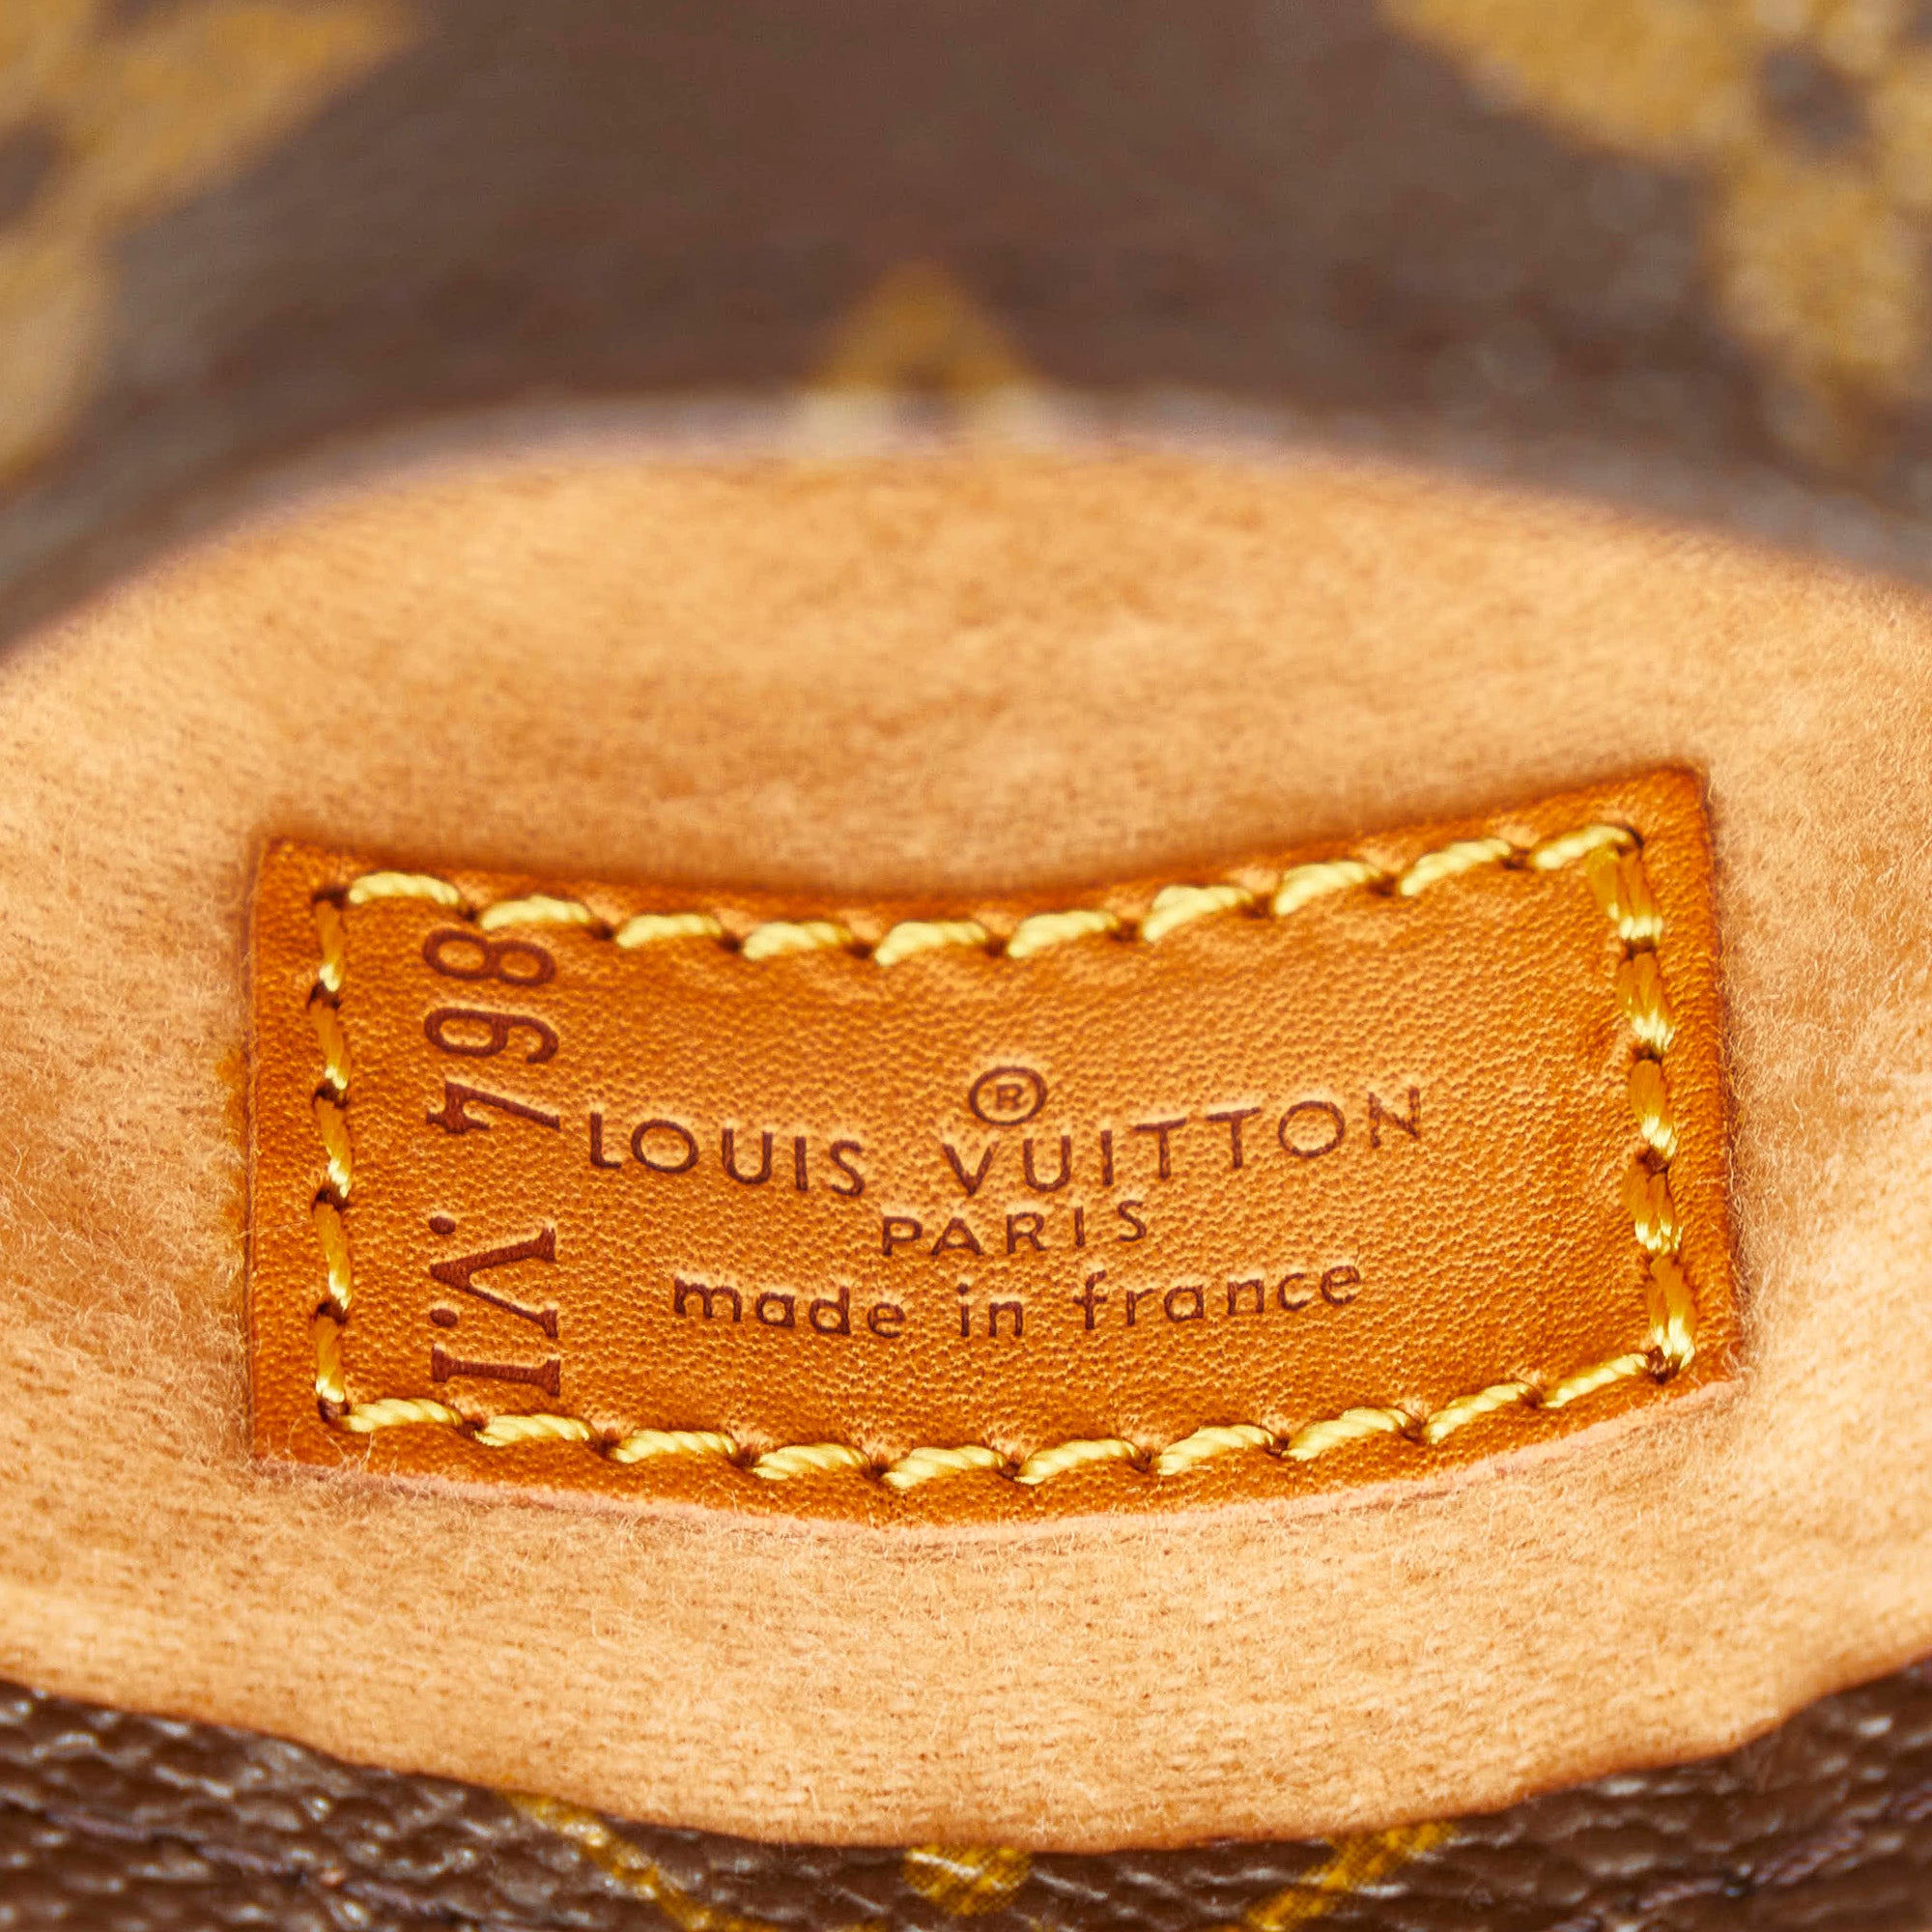 Louis Vuitton Monogram Golf Head Cover - Brown Sporting Goods
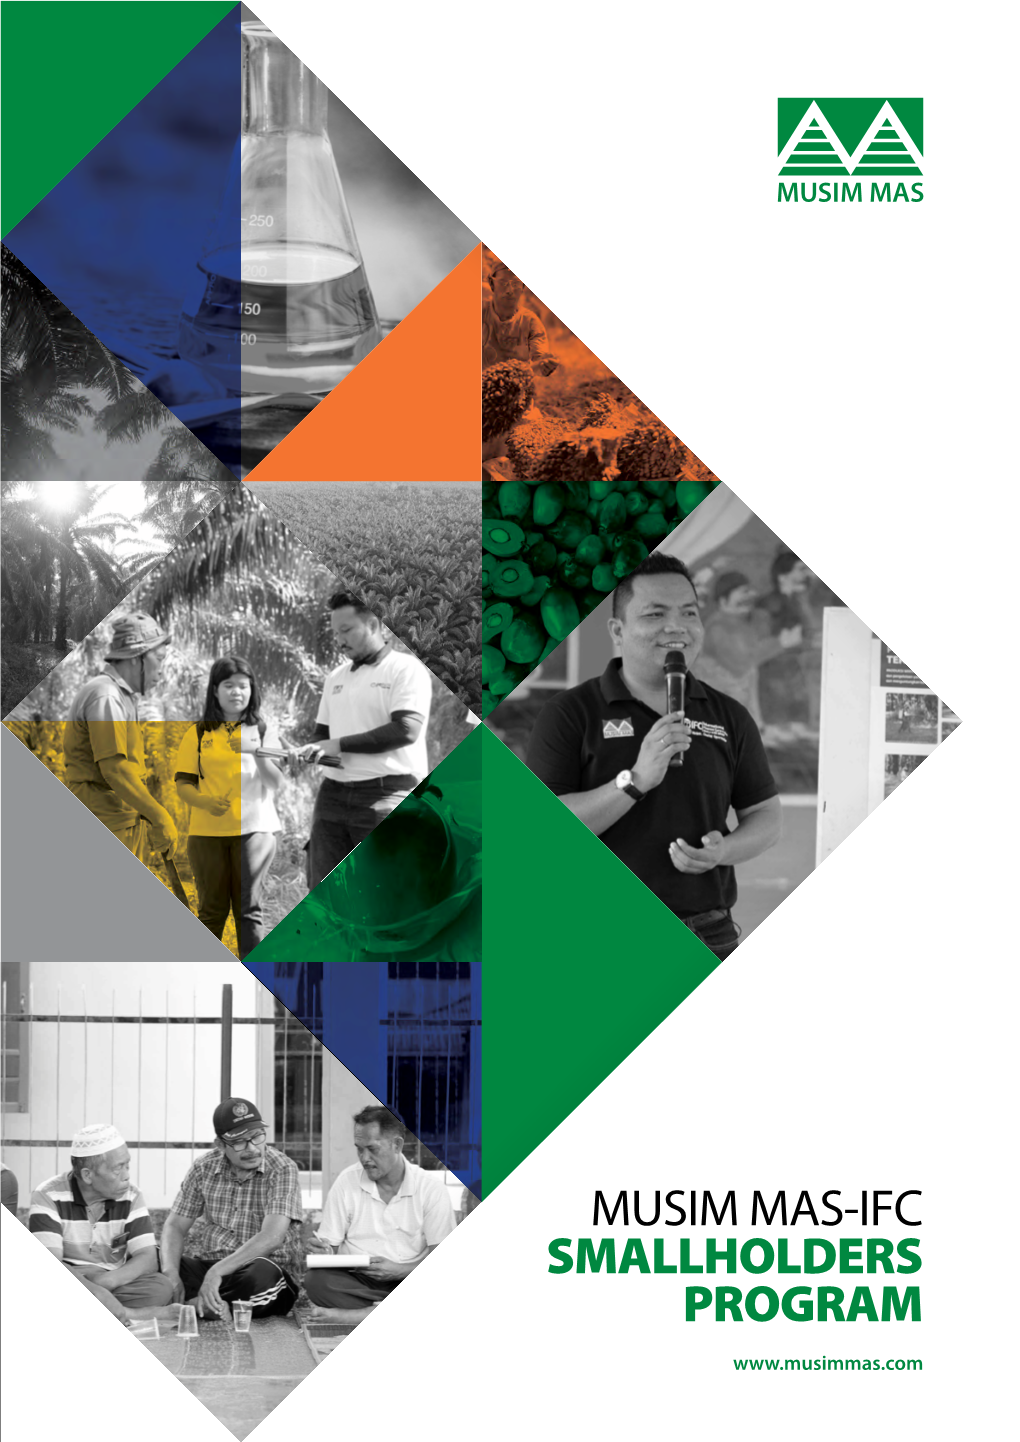 MUSIM MAS-IFC SMALLHOLDERS PROGRAM Why Should We Focus on Independent Smallholders?
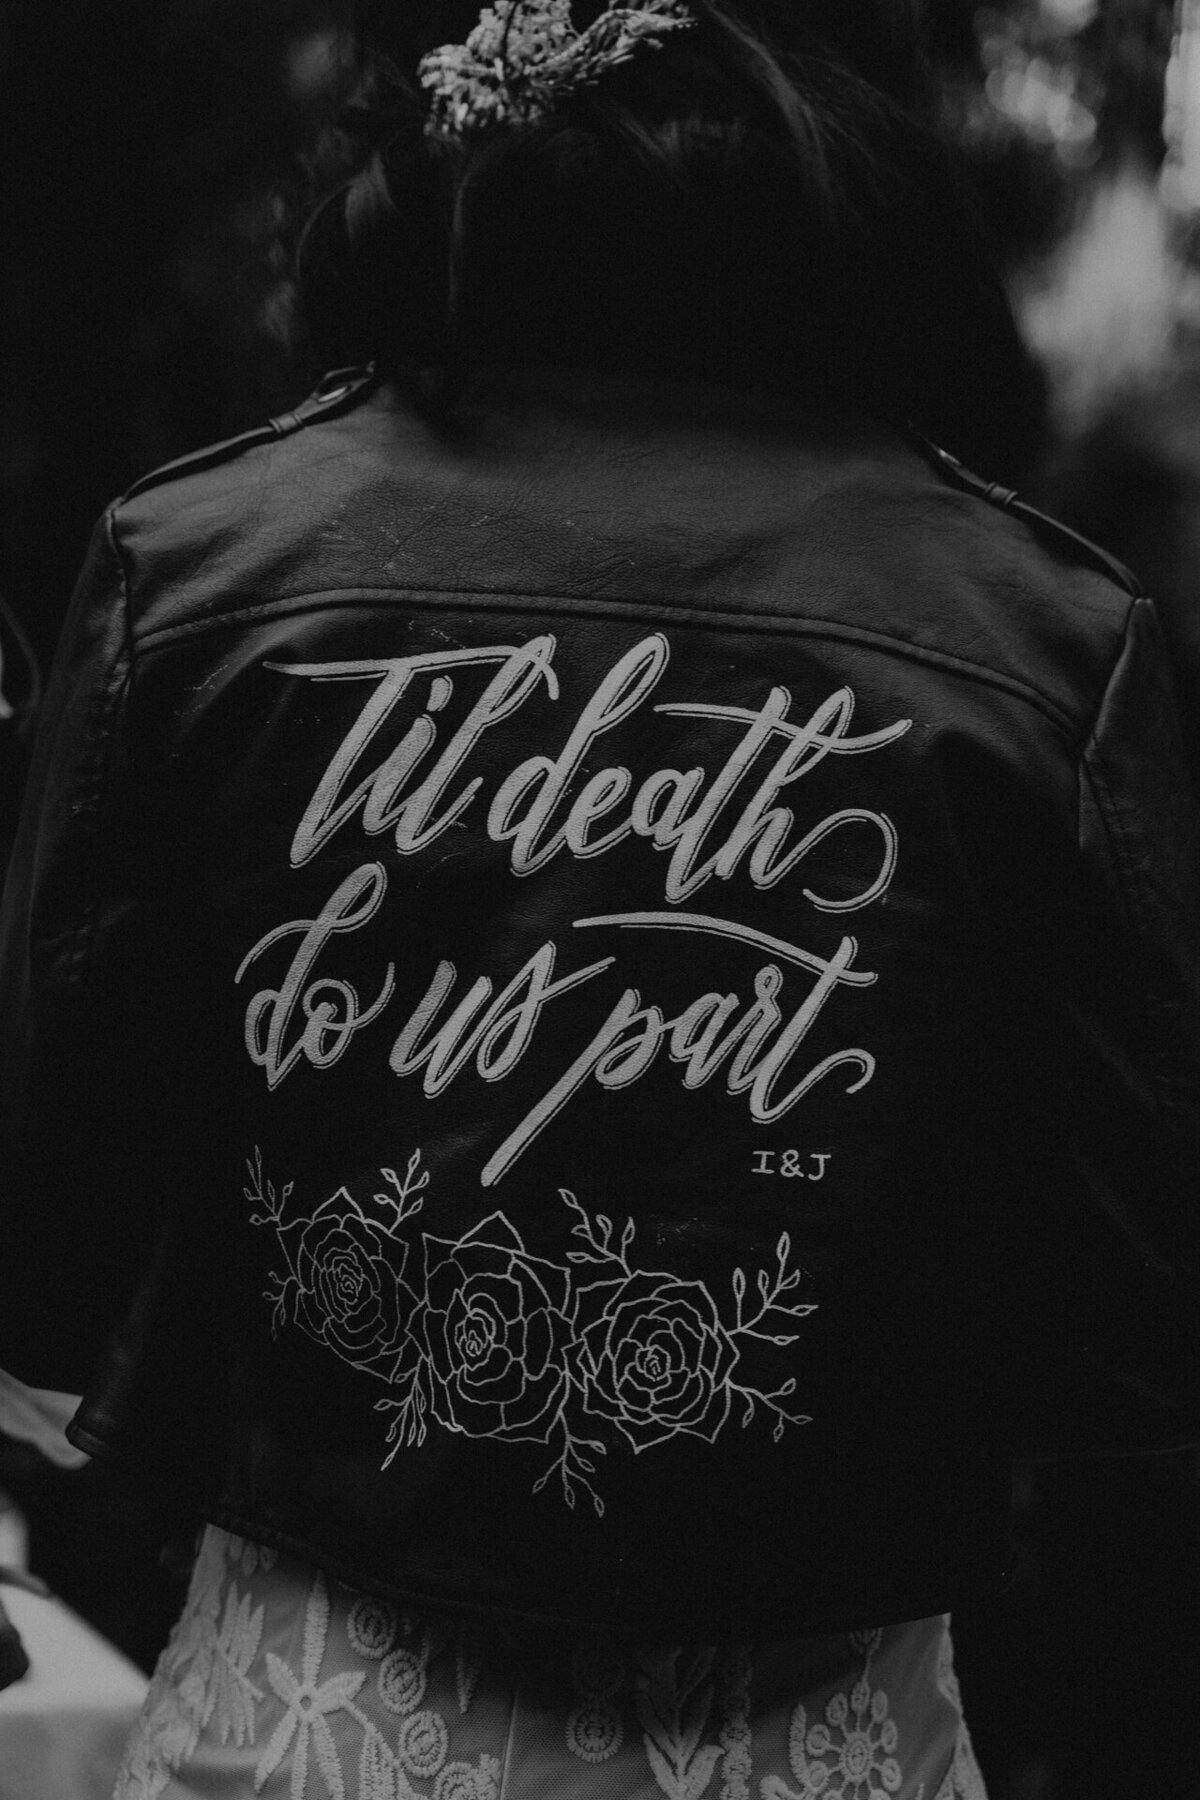 Till death do us part leather jacket

[Exercise]
The required output is each line above restated verbatim, with all images omitted.

[Task output]
 Louis Vuitton Monogram Golf Head Cover - Brown Sporting Goods
 MUSIM MAS-IFC SMALLHOLDERS PROGRAM Why Should We Focus on Independent Smallholders?
 Till death do us part leather jacket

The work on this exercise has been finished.